By default, Azure Cosmos DB distributes the provisioned throughput of a database or container equally across all physical partitions. However, scenarios may arise where due to a skew in the workload or choice of partition key, certain logical (and thus physical) partitions need more throughput than others. For these scenarios, Azure Cosmos DB gives you the ability to redistribute your provisioned throughput across physical partitions. Redistributing throughput across partitions helps you achieve better performance without having to configure your overall throughput based on the hottest partition.

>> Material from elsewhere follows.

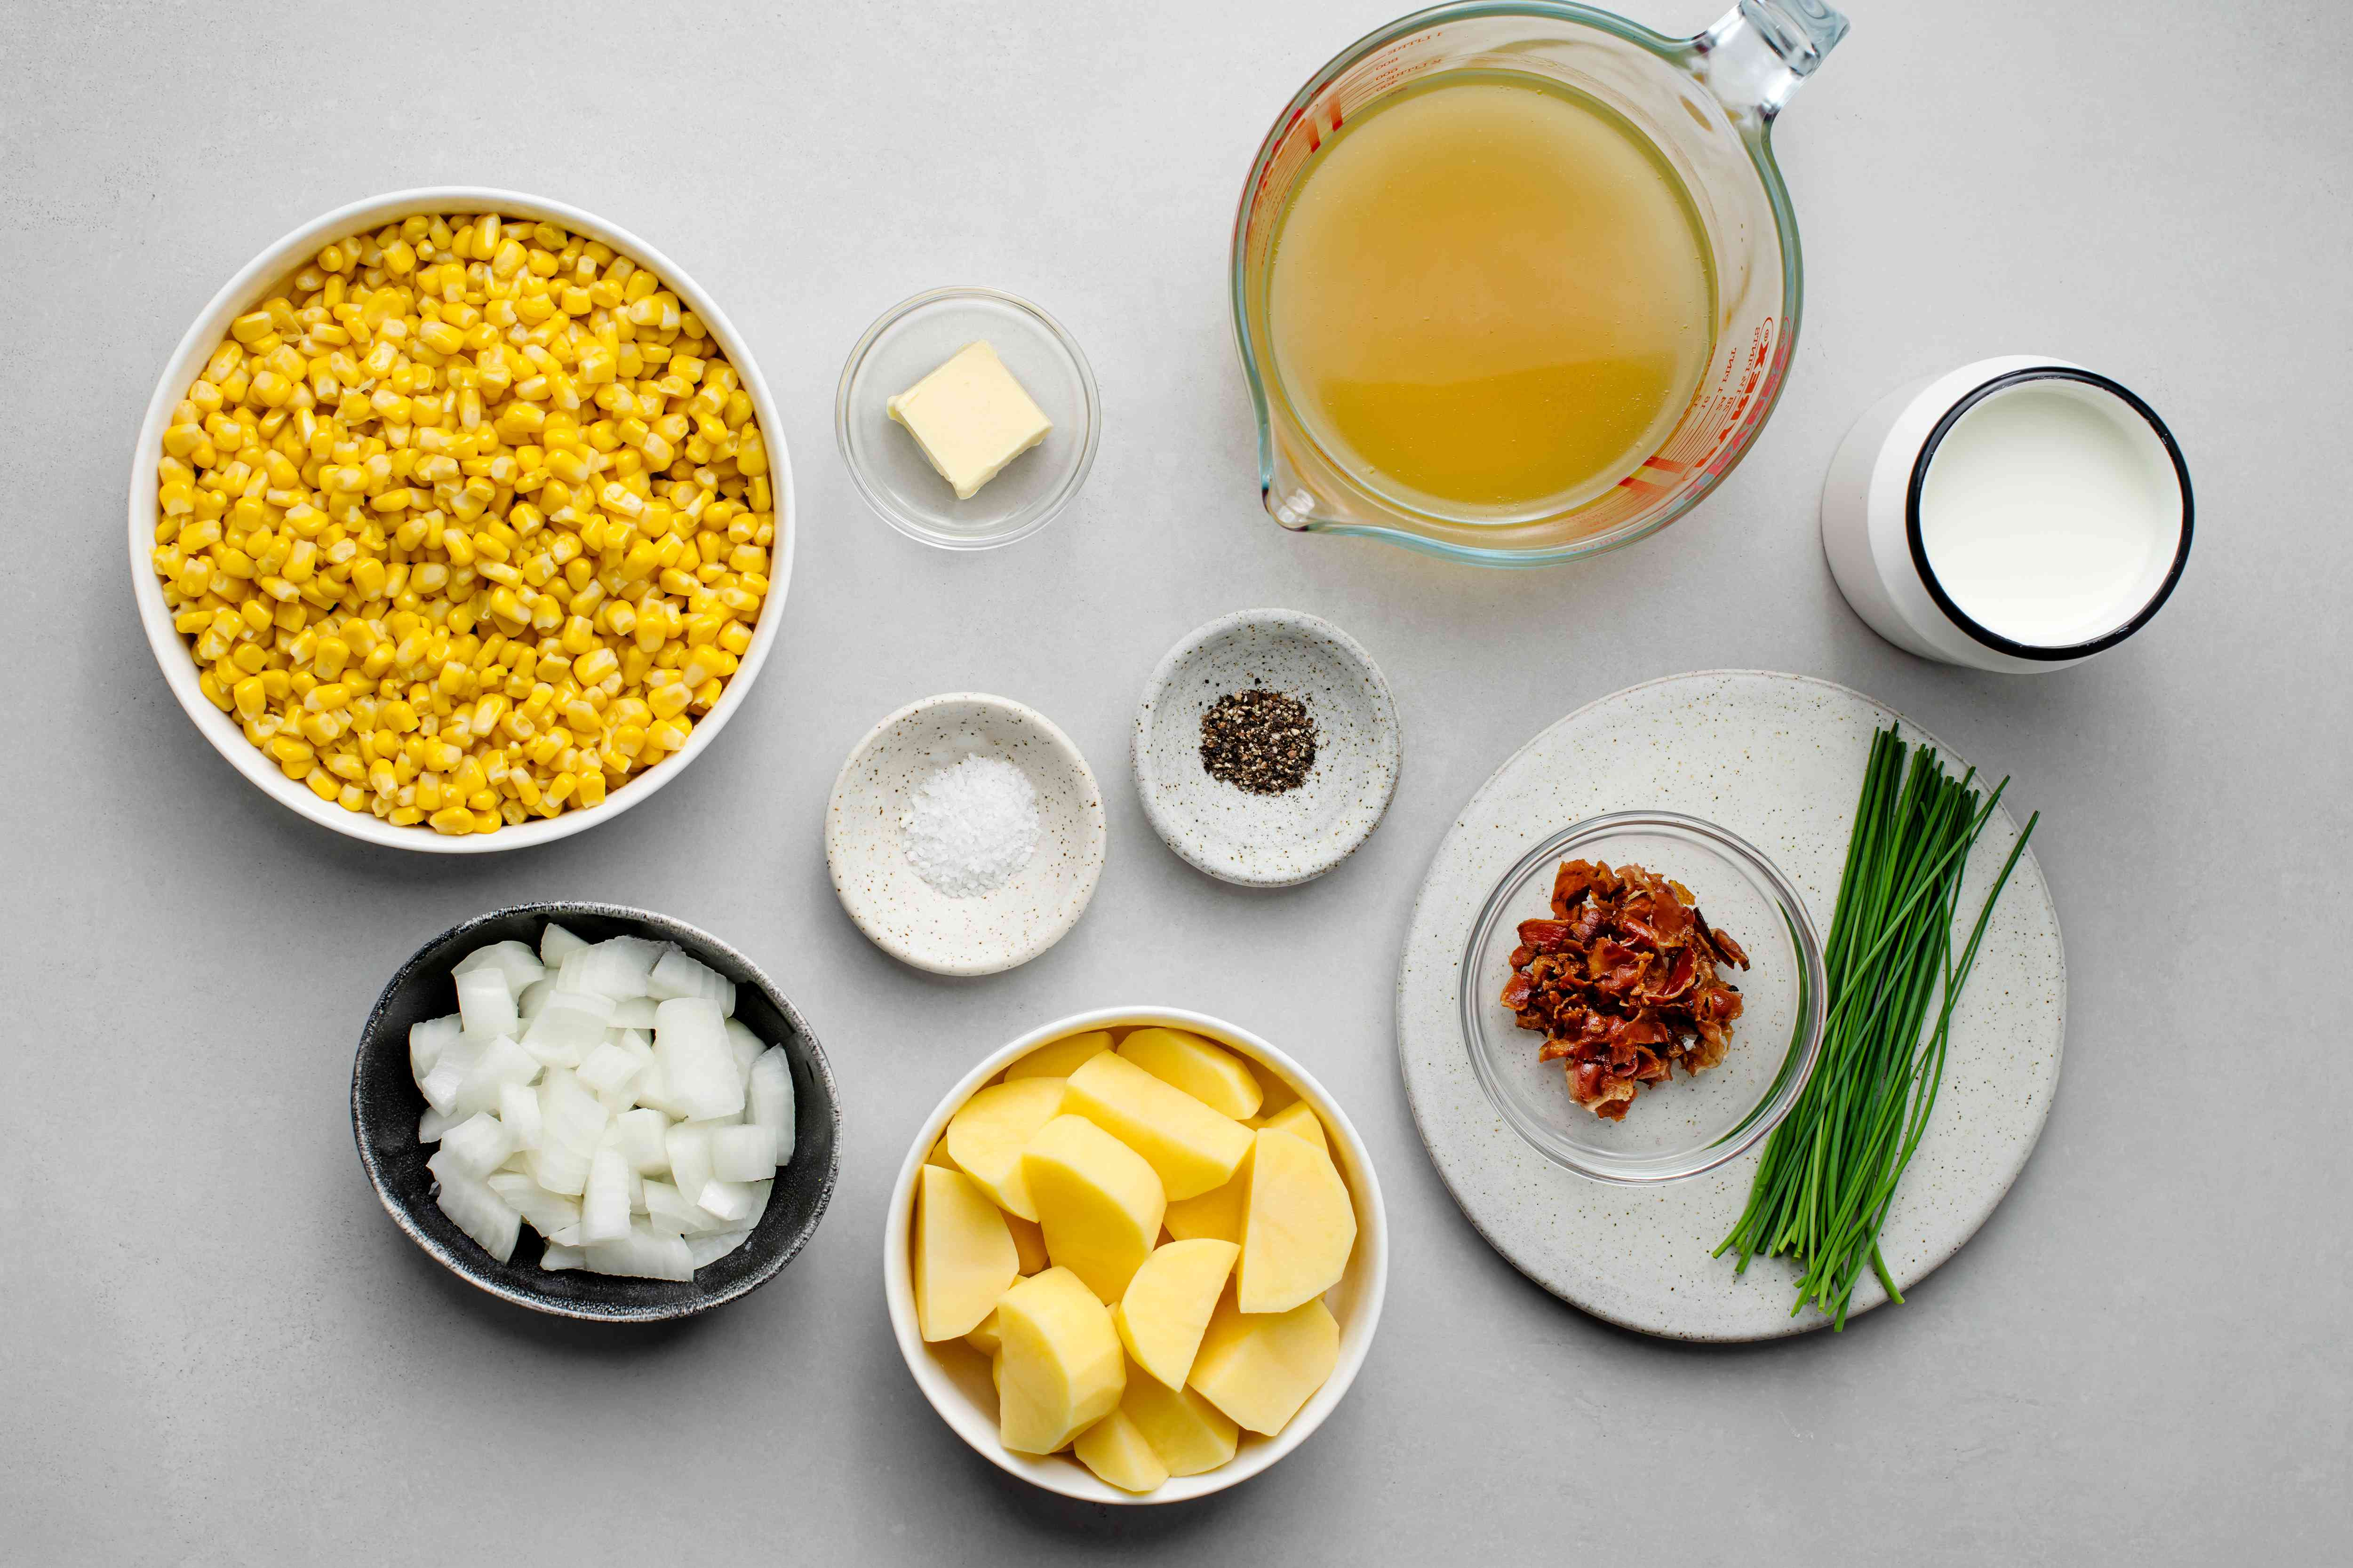 Slow Cooker Creamy Corn Chowder ingredients

The throughput redistributing feature applies to databases and containers using provisioned throughput (manual and autoscale) and doesn't apply to serverless containers. You can change the throughput per physical partition using the Azure Cosmos DB PowerShell commands.

When to use this feature

In general, usage of this feature is recommended for scenarios when both the following are true:

• You're consistently seeing greater than 1-5% overall rate of 429 responses
• You've a consistent, predictable hot partition

If you aren't seeing 429 responses and your end to end latency is acceptable, then no action to reconfigure RU/s per partition is required. If you have a workload that has consistent traffic with occasional unpredictable spikes across all your partitions, it's recommended to use autoscale and burst capacity (preview). Autoscale and burst capacity will ensure you can meet your throughput requirements. If you have a small amount of RU/s per partition, you can also use the partition merge (preview) to reduce the number of partitions and ensure more RU/s per partition for the same total provisioned throughput.

Getting started

To get started using distributed throughput across partitions, enroll in the preview by submitting a request for the Azure Cosmos DB Throughput Redistribution Across Partitions feature via the Preview Features page in your Azure Subscription overview page. You can also select the Register for preview button in the eligibility check page to open the Preview Features page.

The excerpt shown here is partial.